Here's a simple example of setting up a BoolQuery with Elastic (v3).
// Search with a bool query
query := elastic.NewBoolQuery()
query = query.Must(elastic.NewTermQuery("user", "olivere"))
query = query.Filter(elastic.NewTermQuery("account", 1))
src, err := query.Source()
if err != nil {
panic(err)
}
data, err := json.MarshalIndent(src, "", " ")
if err != nil {
panic(err)
}
fmt.Println(string(data))
// Output:
// {
// "bool": {
// "filter": {
// "term": {
// "account": 1
// }
// },
// "must": {
// "term": {
// "user": "olivere"
// }
// }
// }
// }
If you have a complex query, here are some tips for getting it to work in Elastic.
- Create and test your query with e.g. Kibana Console and tweak it until it works fine for you.

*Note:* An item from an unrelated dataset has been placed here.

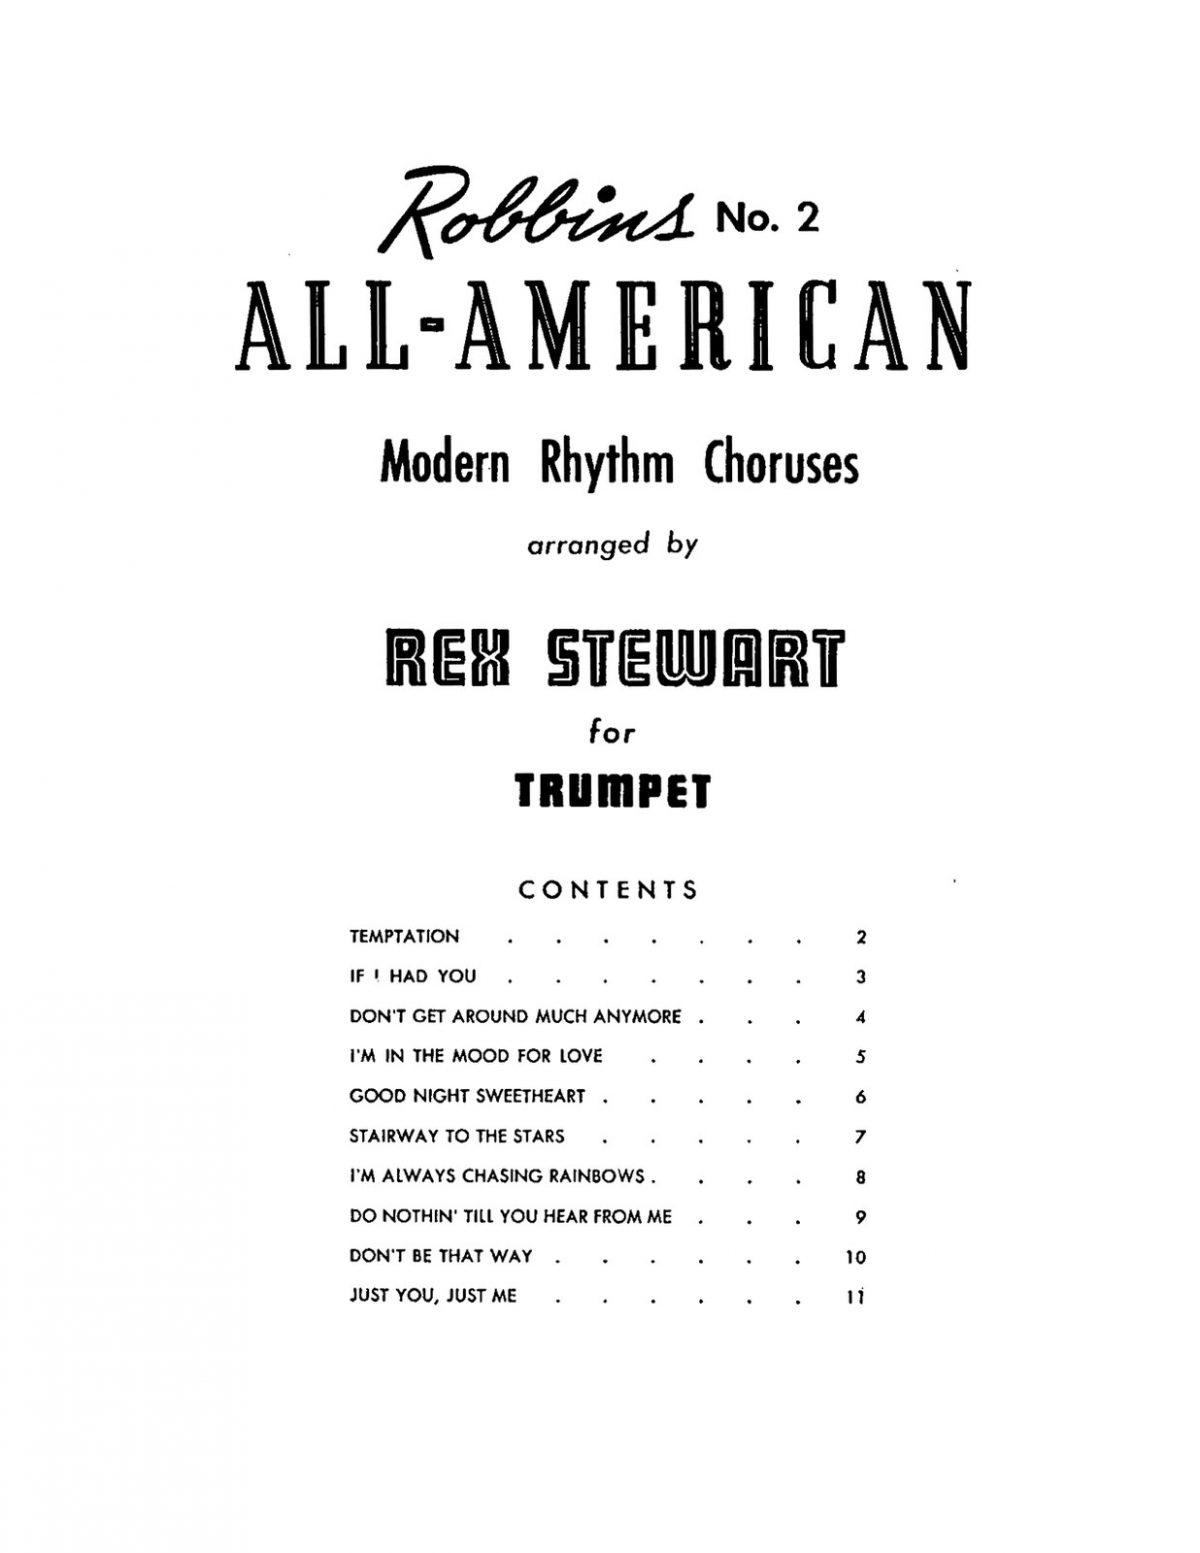 Stewart Rex, All American Modern Rhythm Choruses for Trumpet-p03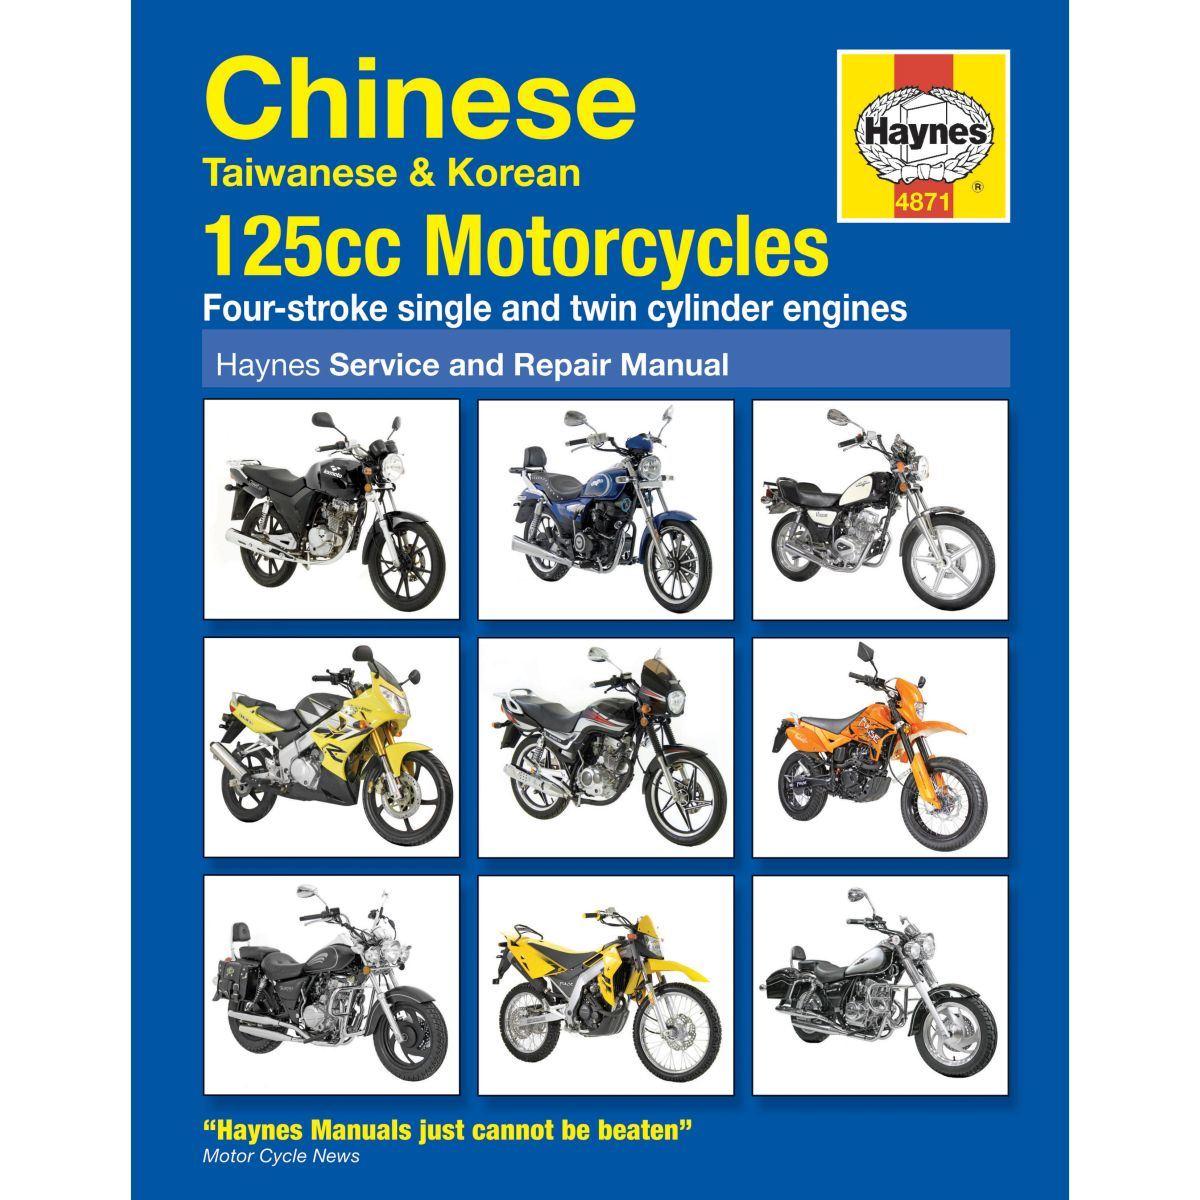 Lifan 125cc r race big bore engine motor dirt bike assassin dhz.

- Construct the query from the inside out. Use e.g. builders to set up your queries via Go funcs (see below for an example).
- If you are unsure how to construct a specific query or aggregation in Elastic, look up the tests. They serve not only for tests but also for documentation purposes.
Here's a simple finder for e.g. films that resembles the builder pattern used throughout the Elastic API (as well as the Elasticsearch Java API). Find the source code in this gist.
package main
import (
"context"
"encoding/json"
"fmt"
_ "log"
"strings"
"time"
"github.com/olivere/elastic"
)
const (
indexName = "films"
mapping = `
{
"settings":{
"number_of_shards":1,
"number_of_replicas":0
},
"mappings":{
"_doc":{
"properties":{
"title":{
"type":"keyword"
},
"genre":{
"type":"keyword"
},
"year":{
"type":"long"
},
"director":{
"type":"keyword"
}
}
}
}
}
`
)
func main() {
opts := []elastic.ClientOptionFunc{
// Uncomment next line to show response from Elasticsearch
//elastic.SetTraceLog(log.New(os.Stdout, "", 0)),
}
client, err := elastic.NewClient(opts...)
if err != nil {
panic(err)
}
// Create some sample films
err = createAndPopulateIndex(client)
if err != nil {
panic(err)
}
// Create a finder
f := NewFinder()
// f = f.Year(2014)
f = f.From(0).Size(100)
f = f.Pretty(true)
// Provide a timeout of 5 seconds
ctx, cancel := context.WithTimeout(context.Background(), 5*time.Second)
defer cancel()
// Execute the finder
res, err := f.Find(ctx, client)
if err != nil {
panic(err)
}
// Output results
fmt.Printf("Searched through %d films\n", res.Total)
fmt.Println()
fmt.Println("Films found:")
for i, film := range res.Films {
prefix := "├"
if i == len(res.Films)-1 {
prefix = "└"
}
fmt.Printf("%s %s from %d\n", prefix, film.Title, film.Year)
}
fmt.Println()
fmt.Println("Broken down by genre:")
for genre, count := range res.Genres {
fmt.Printf("- %2d× %s\n", count, genre)
}
fmt.Println()
fmt.Println("Broken down by year and genres:")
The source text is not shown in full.